After Mamia had gotten over the shock of Miss Tara’s pregnancy, she had taken responsibility for my care, urging Miss Tara to return to school. But it was hard for her to leave the one she’d grown to love, regardless of the fact that his father no longer kept in touch with her. Worse still, she had to return to the condescending looks from people who shushed while she was within earshot.
And so, 8 months after I was born, Miss Tara noticed that I was crying excessively. After checking my diapers and giving me some nutrititous breast milk yielded no satisfactory result, she proceeded to critically examine me.
As usual, Mamia had scolded her, telling her to do more productive things with her time than trying to visually levitate me from the cot. That day, Miss Tara discovered nothing unusual, but she kept on with her keen observation. Finally, she found something amiss.
‘Mamia! Come and see something’, she had screamed in fear.
‘Tara, if you are only calling for my presence so I can join in your madness, you must be very stupid. Come and join me in frying these palm nuts!’
Mamia needn’t talk twice to pass across her message. She was more than capable of still spanking Miss Tara, despite the fact that she had given birth to a child.
‘Mamia, I am serious!’ Miss Tara said nervously
Curious, Mamia had left the kitchen and came to my cot, obviously disturbed.
I looked on, wide-eyed
‘Tara, what is it?’ she asked, drying her hands on the brown kitchen towel she was holding
Miss Tara lifted up my two hands.
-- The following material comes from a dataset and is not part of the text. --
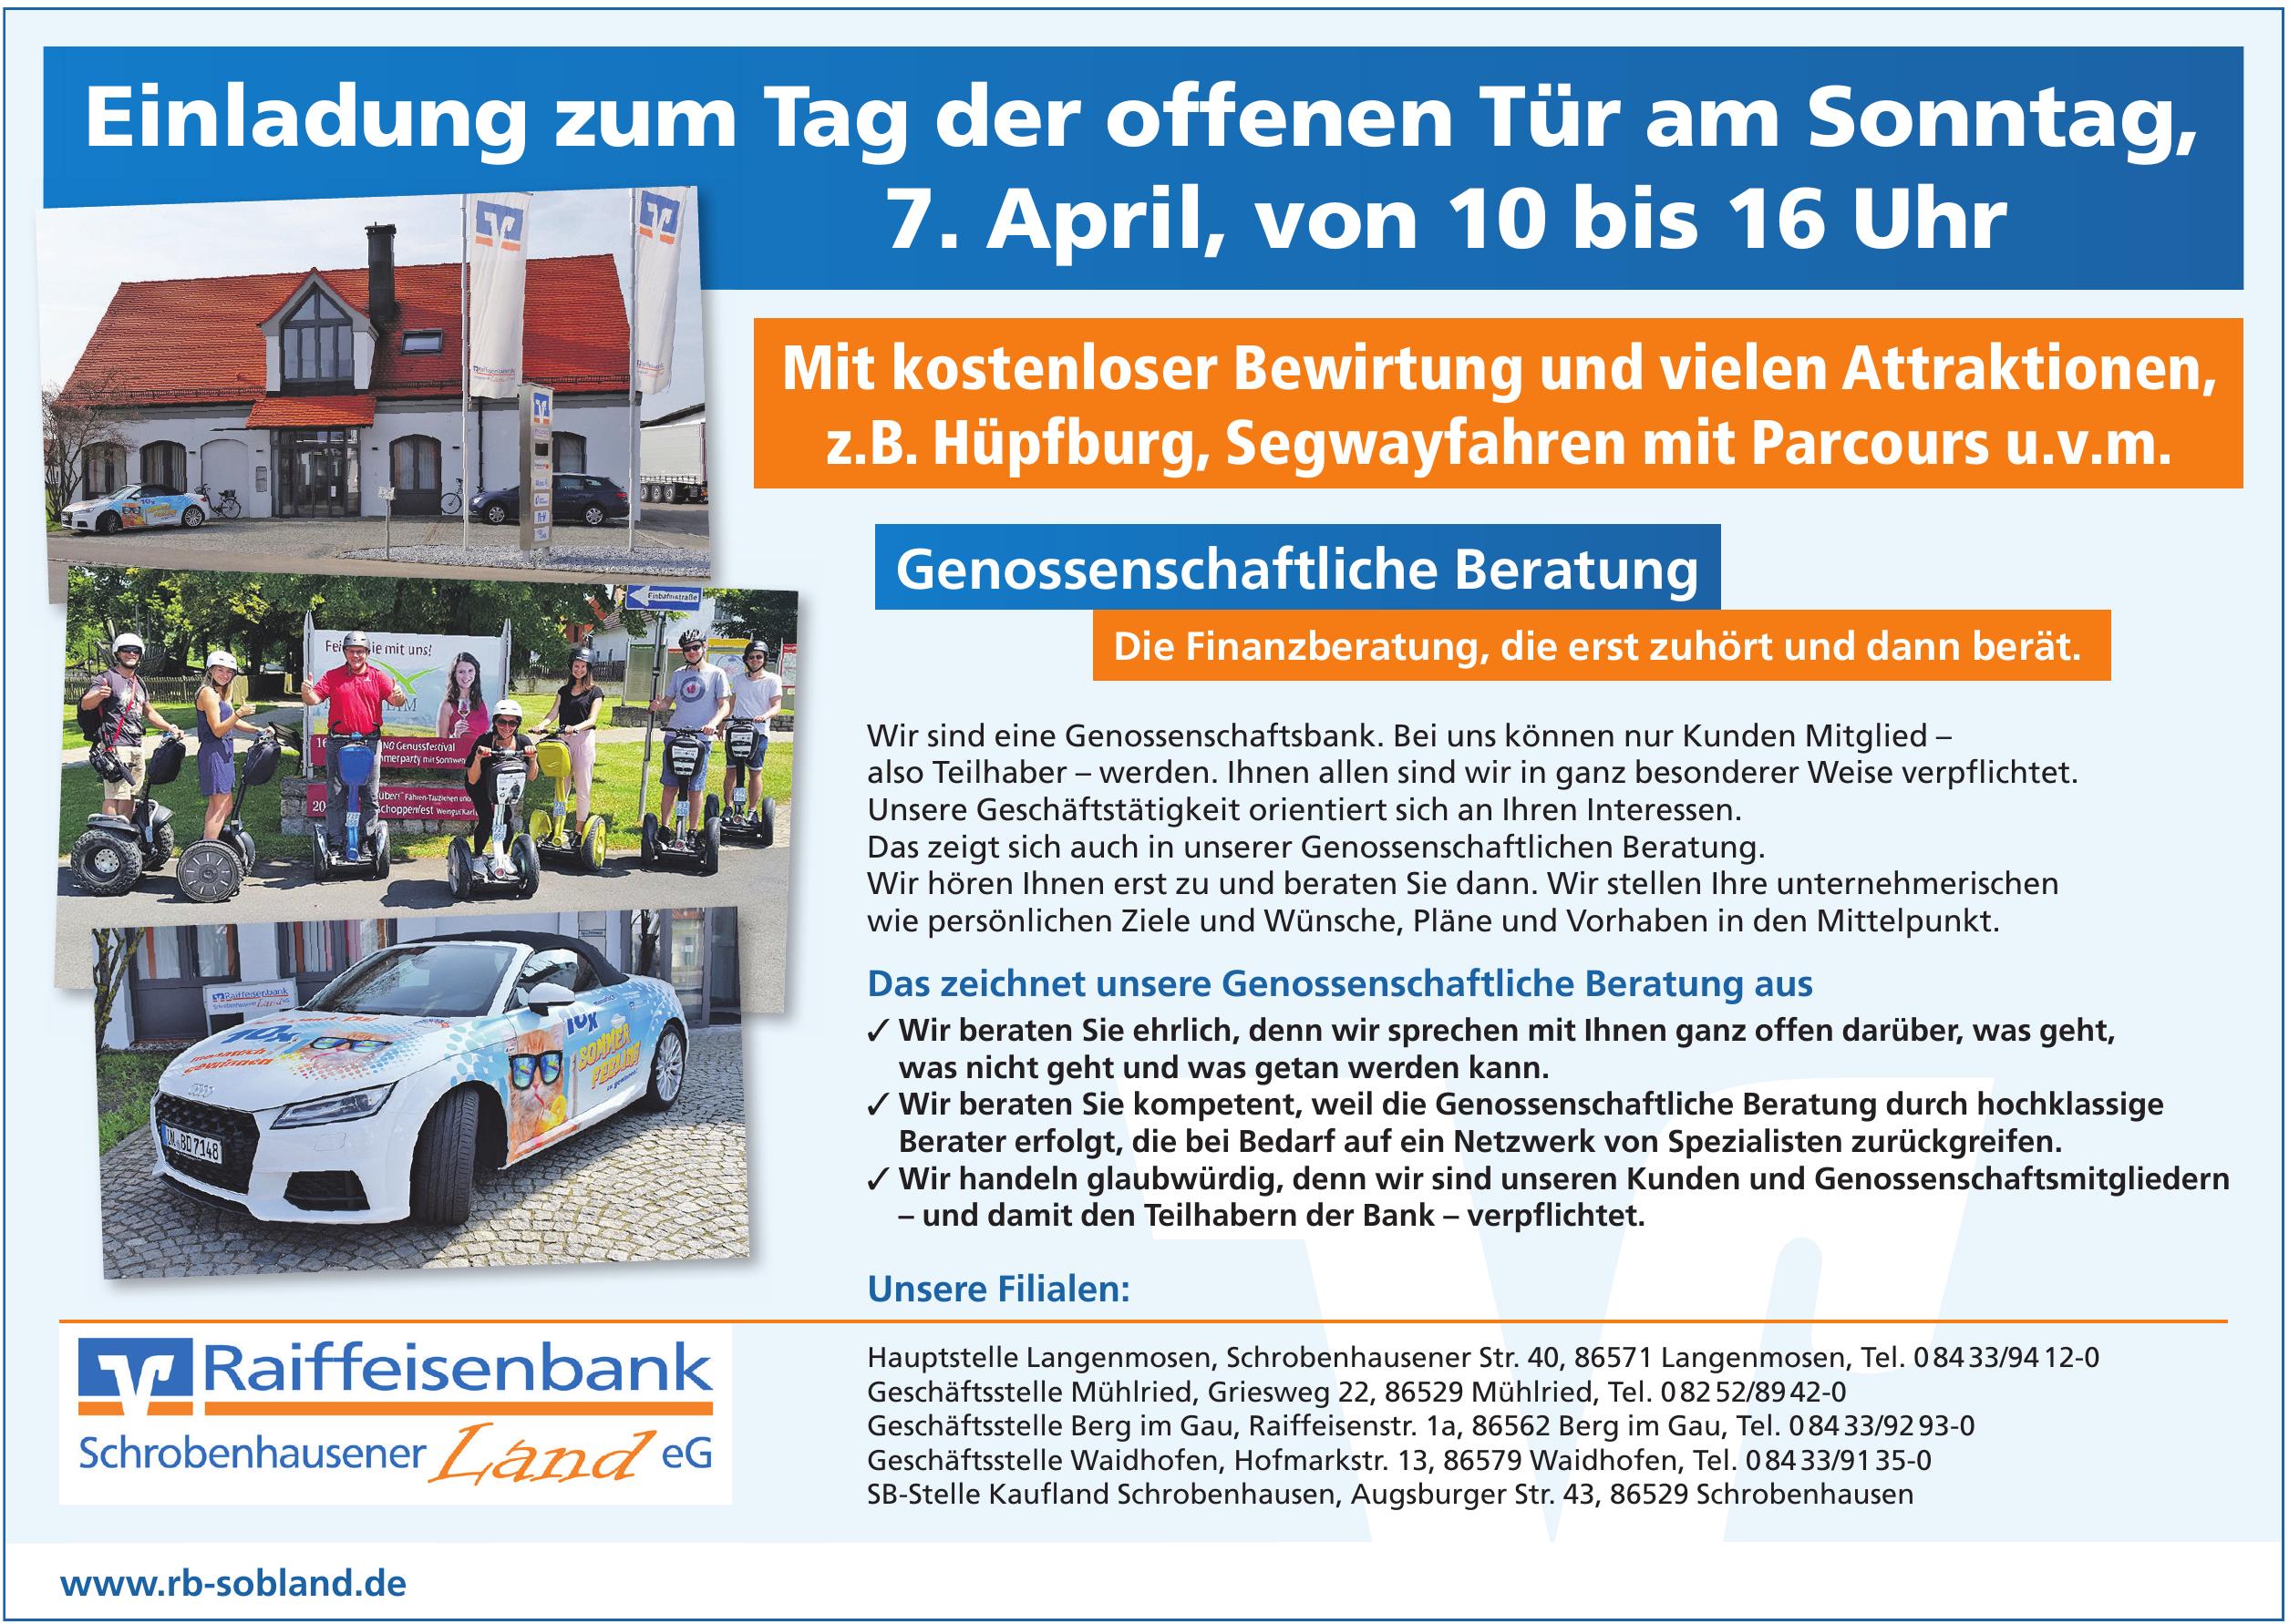 Reiffeisenbank Schrobenhausener Land eG

My left hand was visibly swollen, the digits not as uniform as the one on the right. I also had a fever.
Mamia addressed with wisdom, the now teary eyed Miss Tara
‘Calm down. Let me finish up quickly, we’d take him to that nurse across the street. I’m sure it’s just a fever. He has started teething hasn’t he?’
Miss Tara remained silent.
Unnamed drugs were given to me by the said nurse, but my fever had gotten worse. My cry was becoming more shrill by the minute.
Eventually, Miss Tara and Mamia took me to a real hospital where I was properly examined. The doctor said the hand swelling was called dactylitis, and I was a likely sickle cell disease patient. He asked Miss Tara for her genotype- she was AS.
The father’s genotype? She stuttered. She didn’t know.
The next 10 months before my genotype could be confirmed was the longest wait of Miss Tara’s life. Vigils were conducted, planned and unplanned, prayers offered to imprint into my DNA, the AA hemoglobin genotype.
The results of Miss Tara’s final exams came out on the same day as that of my test results. She made a first class. My test results dampened the celebrations. I was a sickler. My genotype was SS.
Miss Tara hit the floor in tears. She was a 23 year old lady with no husband and a child with a possible death sentence.
For me, this was the beginning of life as I knew it.
In and out of the four walls of a hospital.